**Source material:**
»»

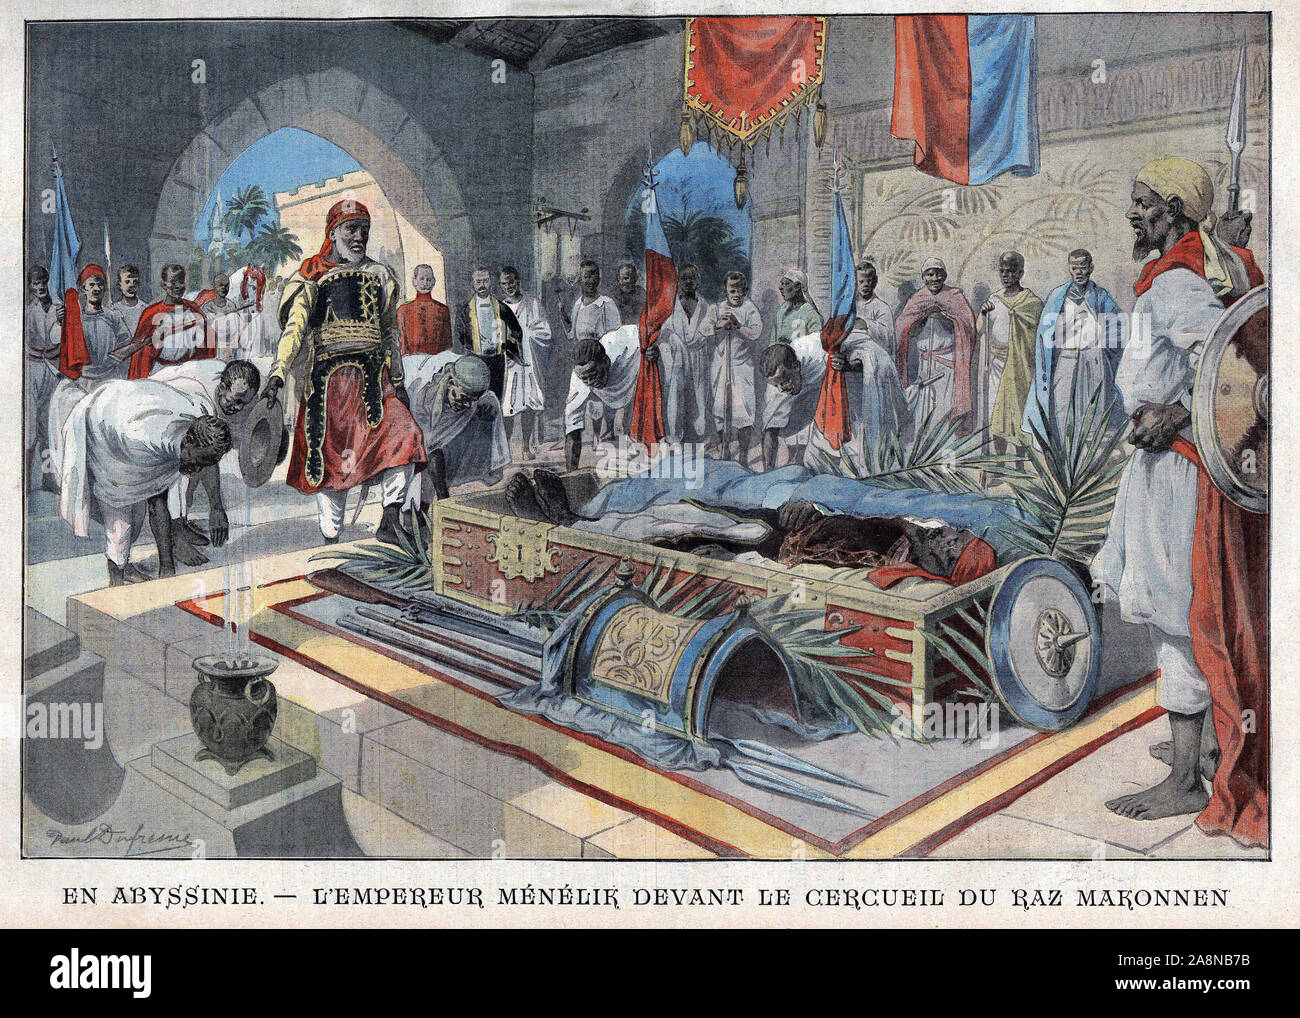 Hommage rendu par l'Empereur Menelik II d'Ethiopie un la mort de Ras Makonnen (Mekonnen Welde Mikael) (Abba Qagnew) (1852-1906), gouverneur de la provi Foto Stock
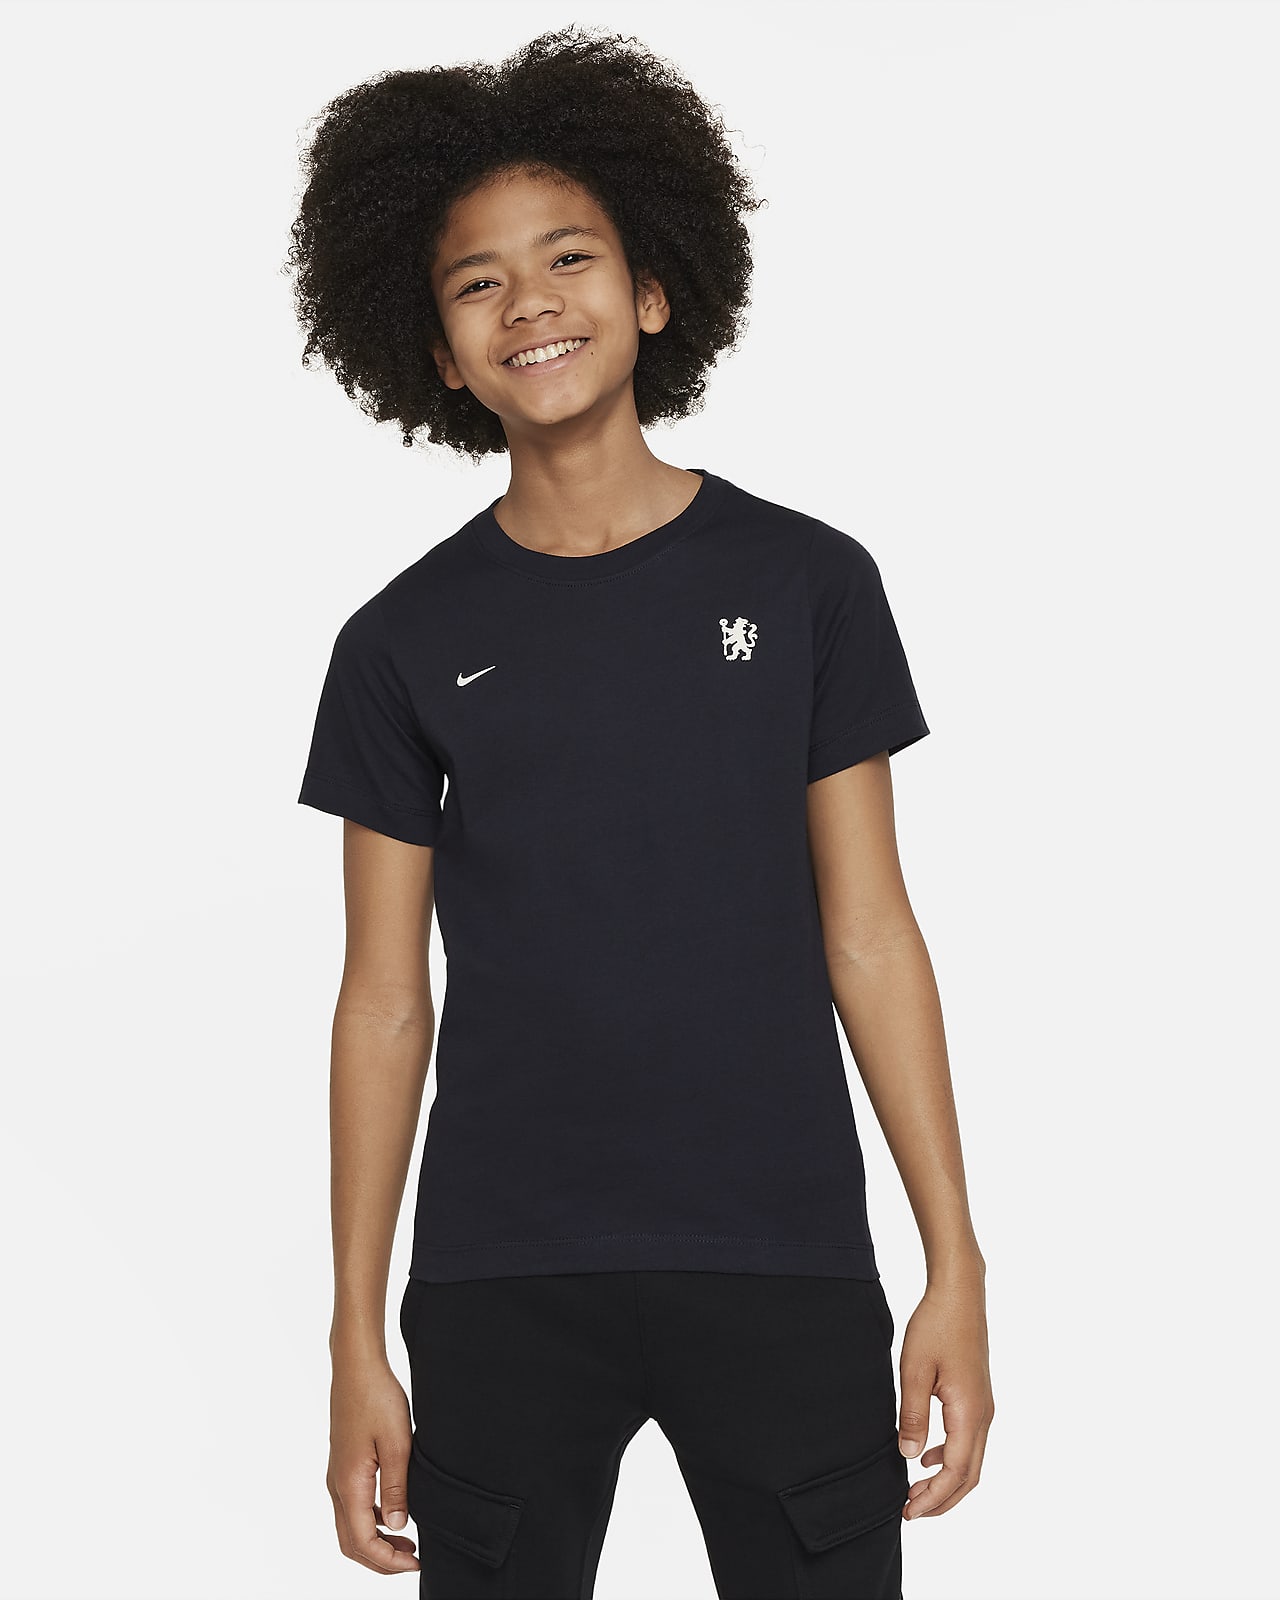 Chelsea F.C. Older Kids' Nike Football T-Shirt
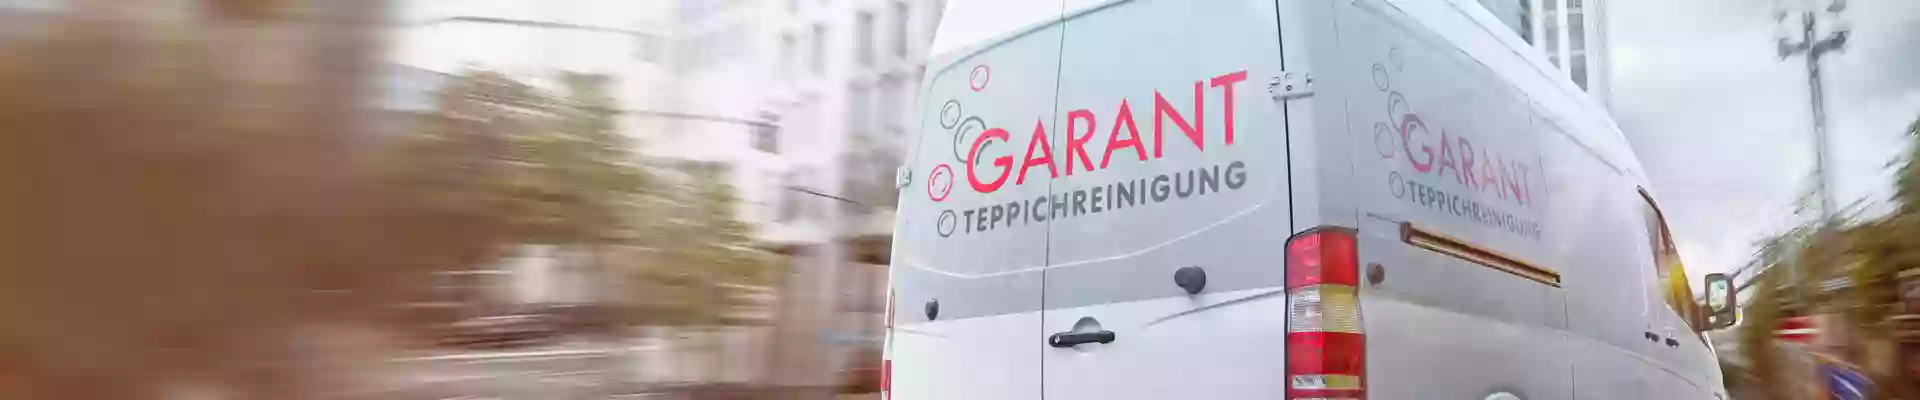 Garant Teppichreinigung GmbH

««

**Exercise objective:** Once the images are removed, print the remaining data exactly as it appears above.

**Your response:**
 Hommage rendu par l'Empereur Menelik II d'Ethiopie un la mort de Ras Makonnen (Mekonnen Welde Mikael) (Abba Qagnew) (1852-1906), gouverneur de la provi Foto Stock
 Chelsea F.C. Older Kids' Nike Football T-Shirt
 Garant Teppichreinigung GmbH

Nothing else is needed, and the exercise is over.